__Exercise aim__: The pictures are to be omitted when the entries are reproduced exactly.

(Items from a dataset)
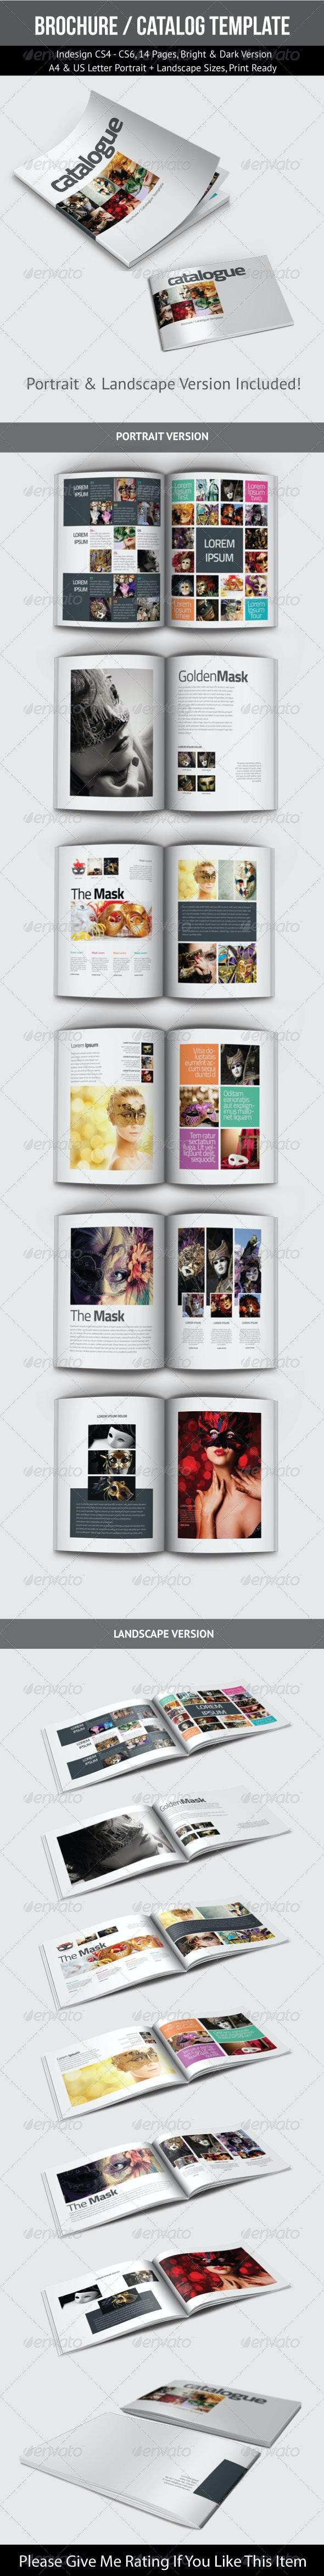 Brochure / Catalog Template - Brochures Print Templates
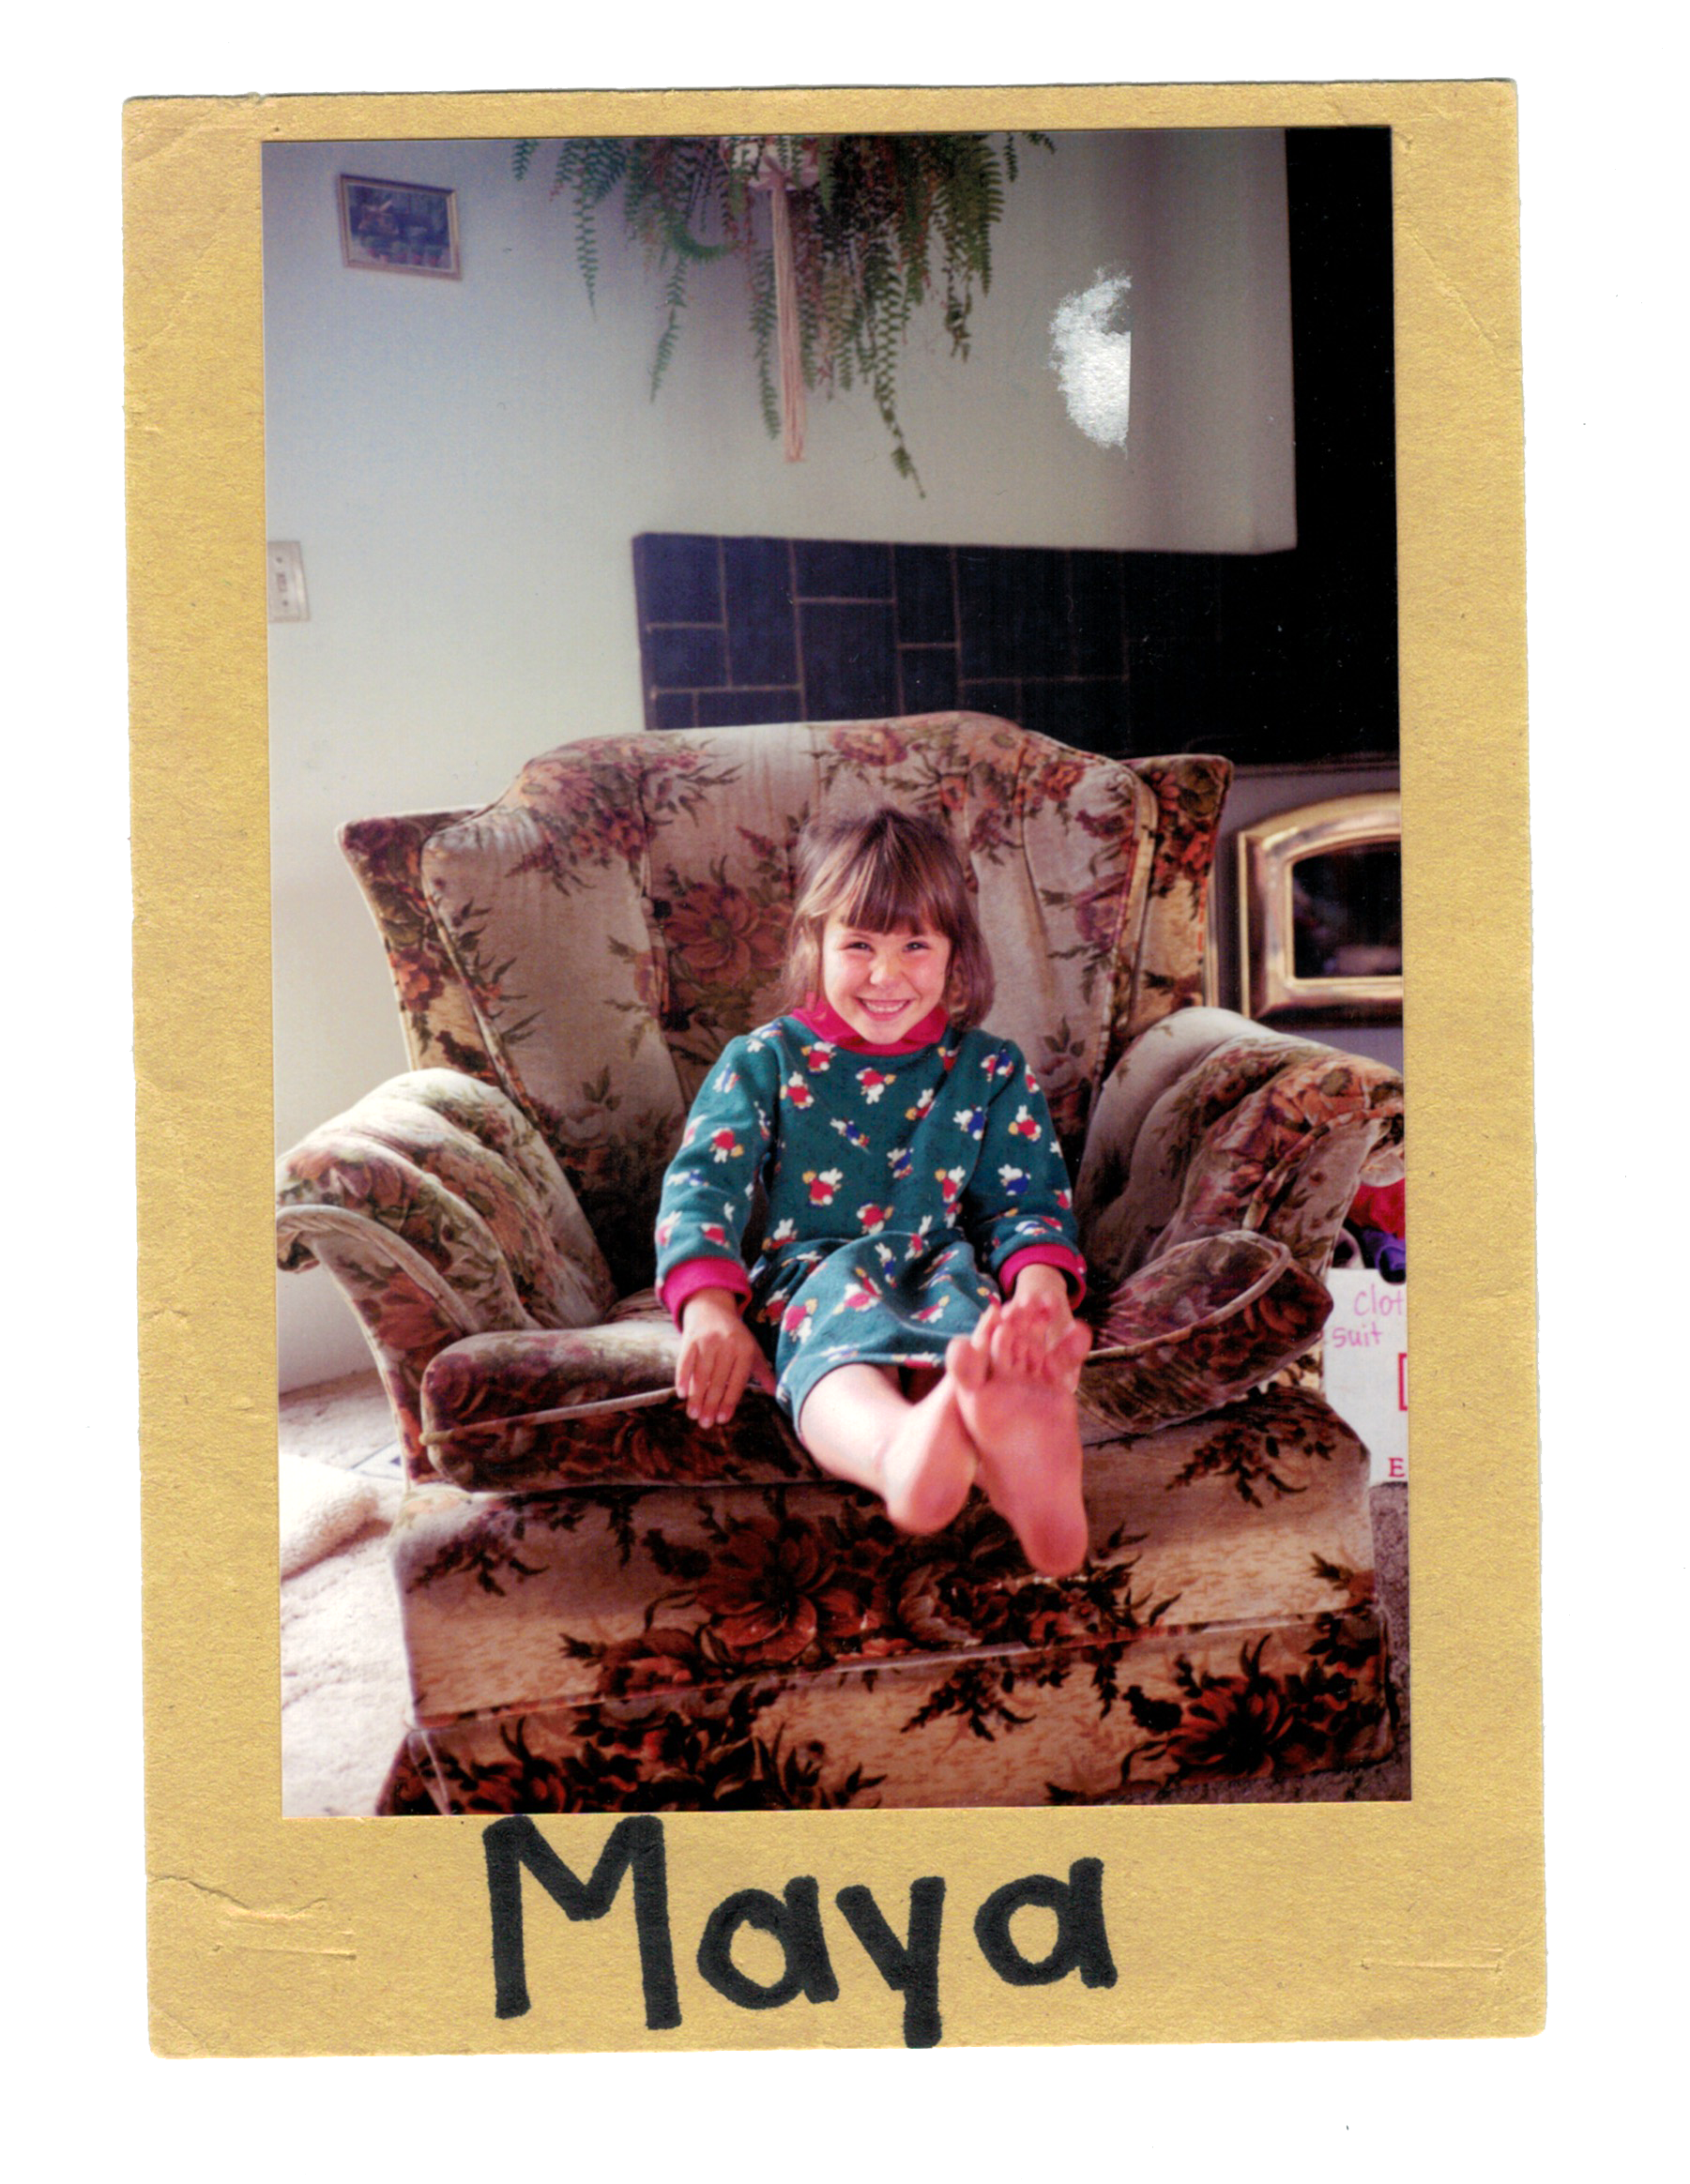 maya_6_p n g.png
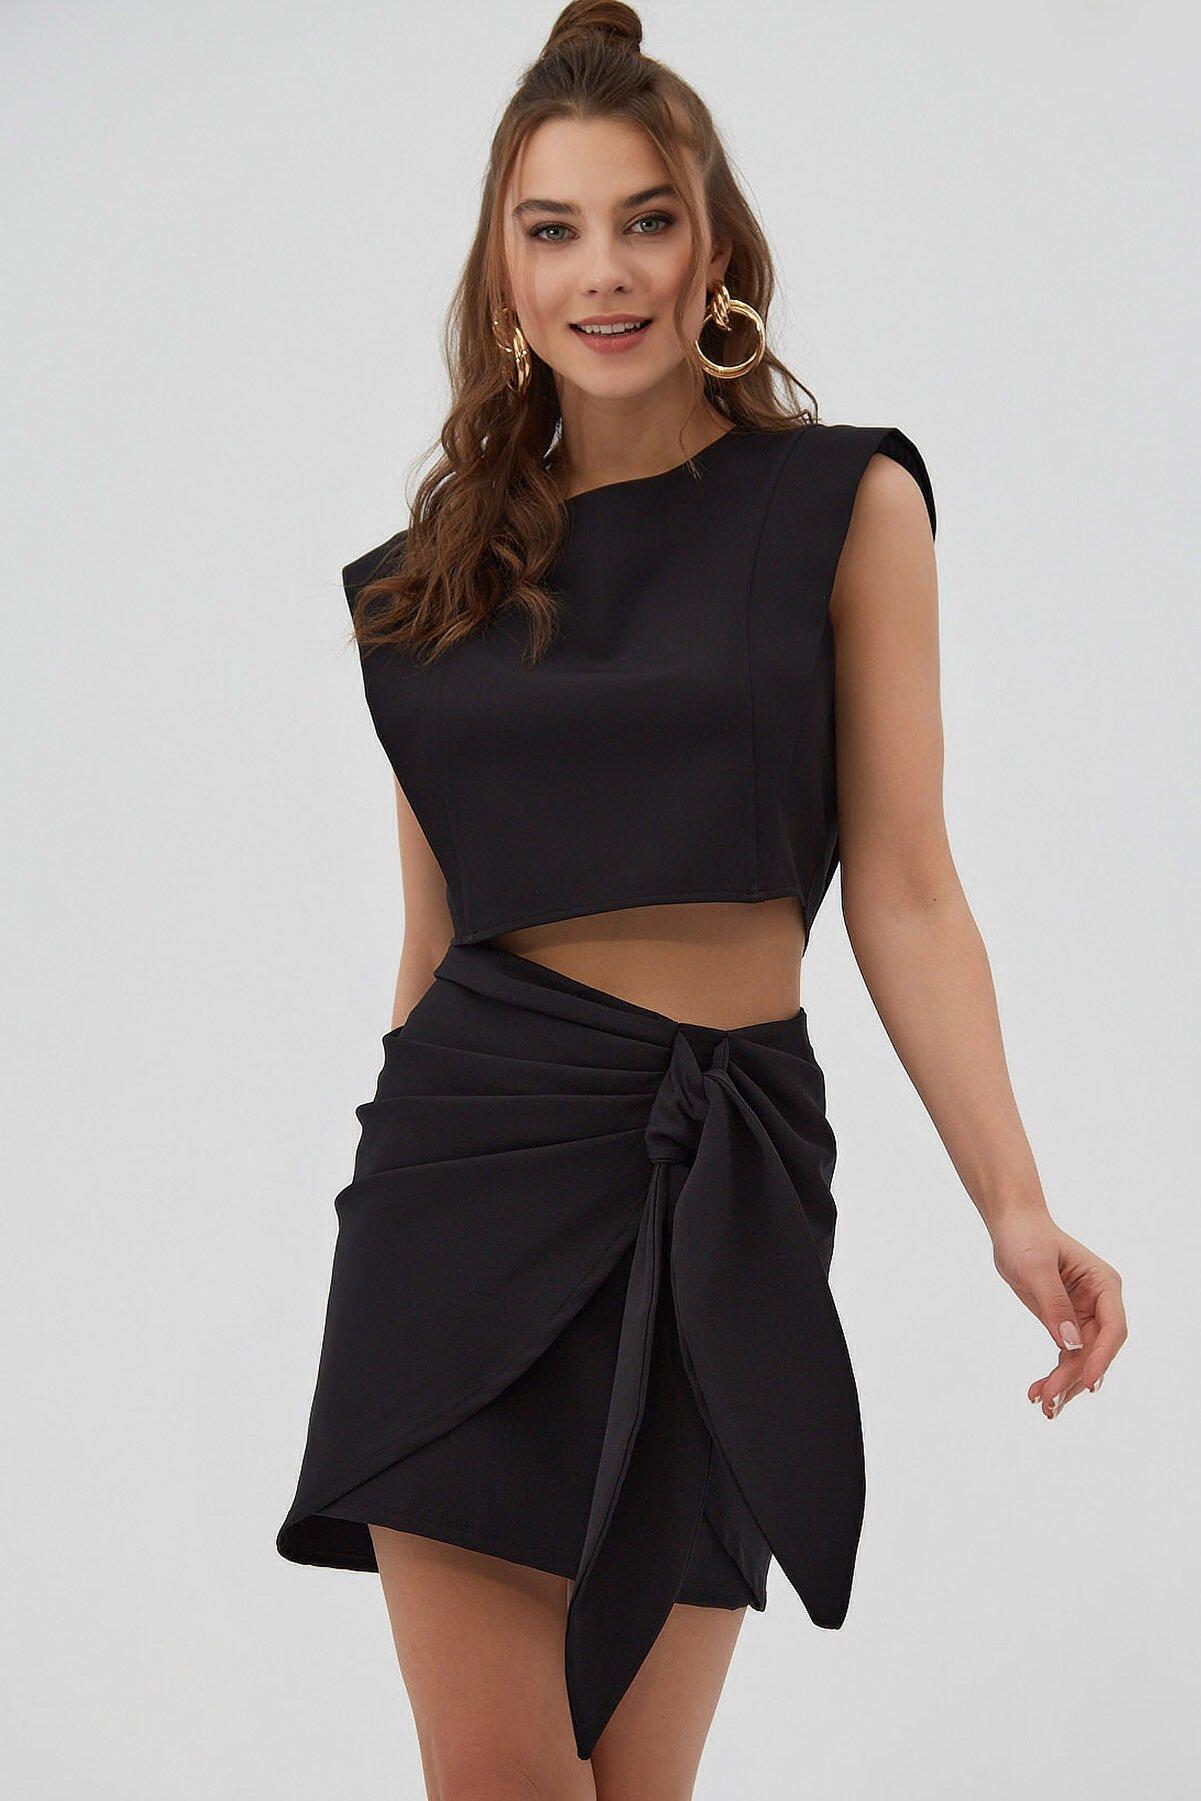 Pattaya Kadın Vatkalı Dalgıç Kumaş Crop Bluz P21s201-2161
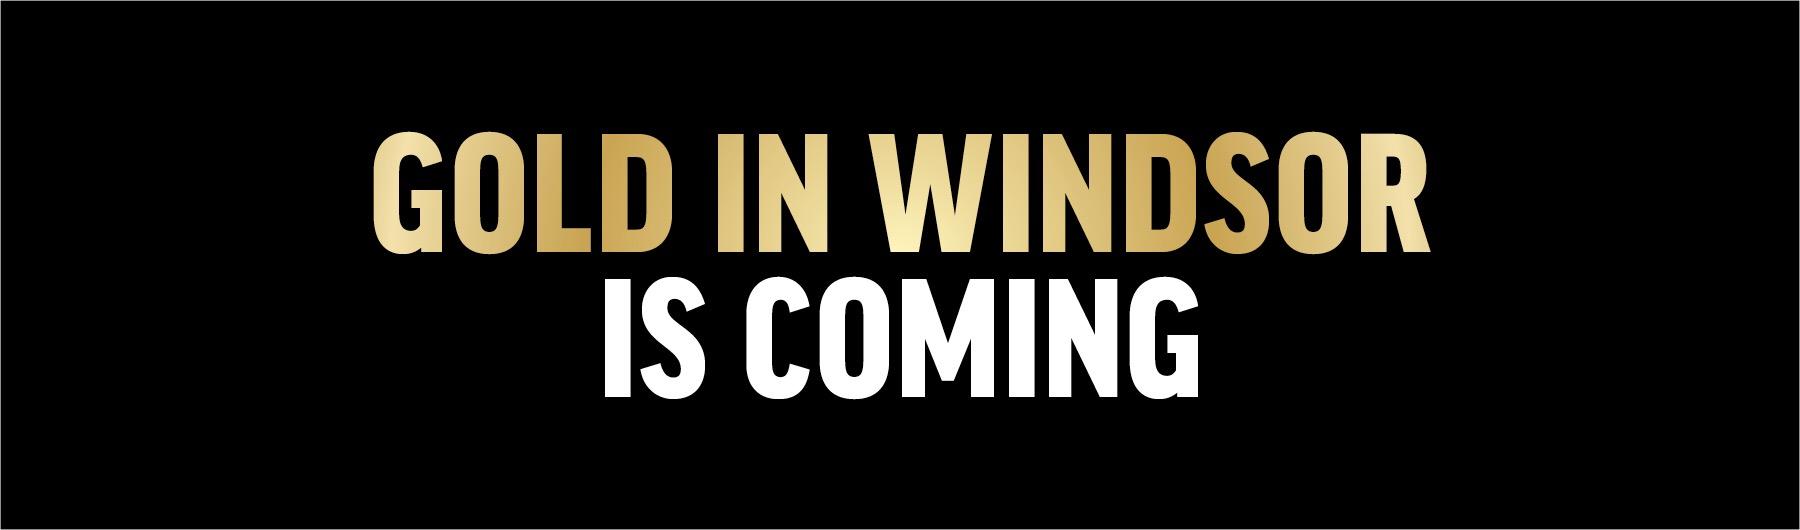 Start it. Spin it. Crank it. Kick it. Celebrate the moment. Miller Genuine Draft Presents Gold In Windsor.
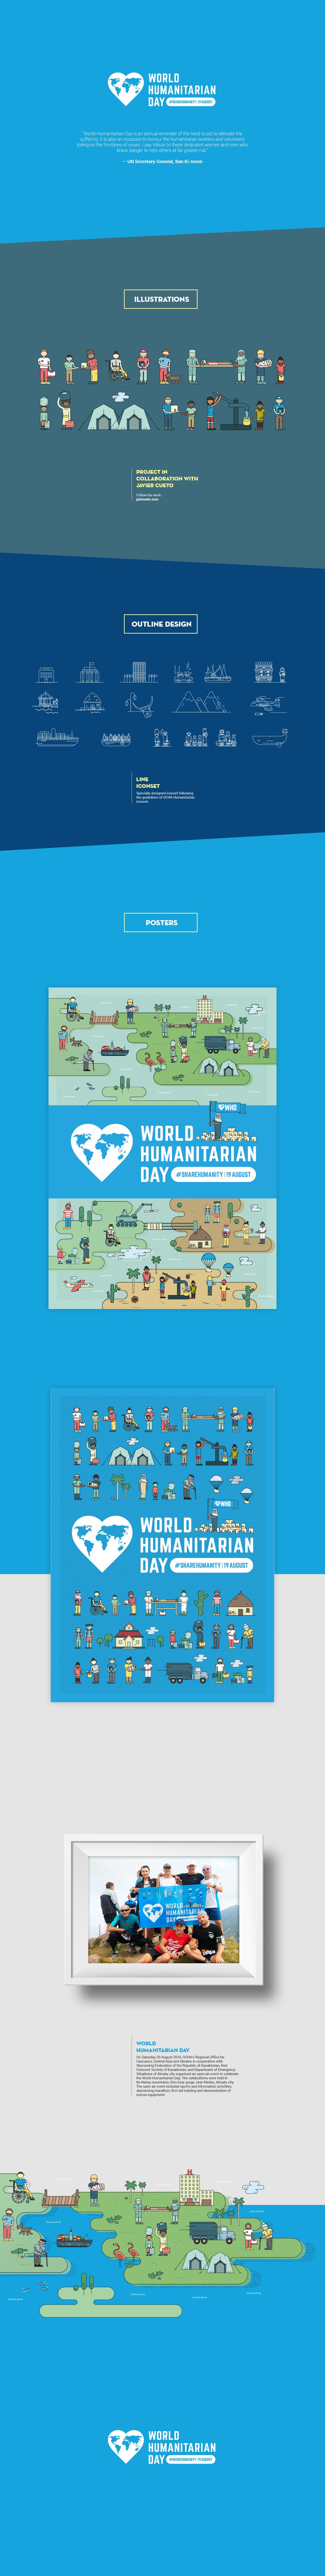 whd WORLD HUMANITARIAN DAY United Nations ocha Nations Unies onu un

__Output below__:
 Brochure / Catalog Template - Brochures Print Templates
 maya_6_p n g.png
 Pattaya Kadın Vatkalı Dalgıç Kumaş Crop Bluz P21s201-2161
 Start it. Spin it. Crank it. Kick it. Celebrate the moment. Miller Genuine Draft Presents Gold In Windsor.
 whd WORLD HUMANITARIAN DAY United Nations ocha Nations Unies onu un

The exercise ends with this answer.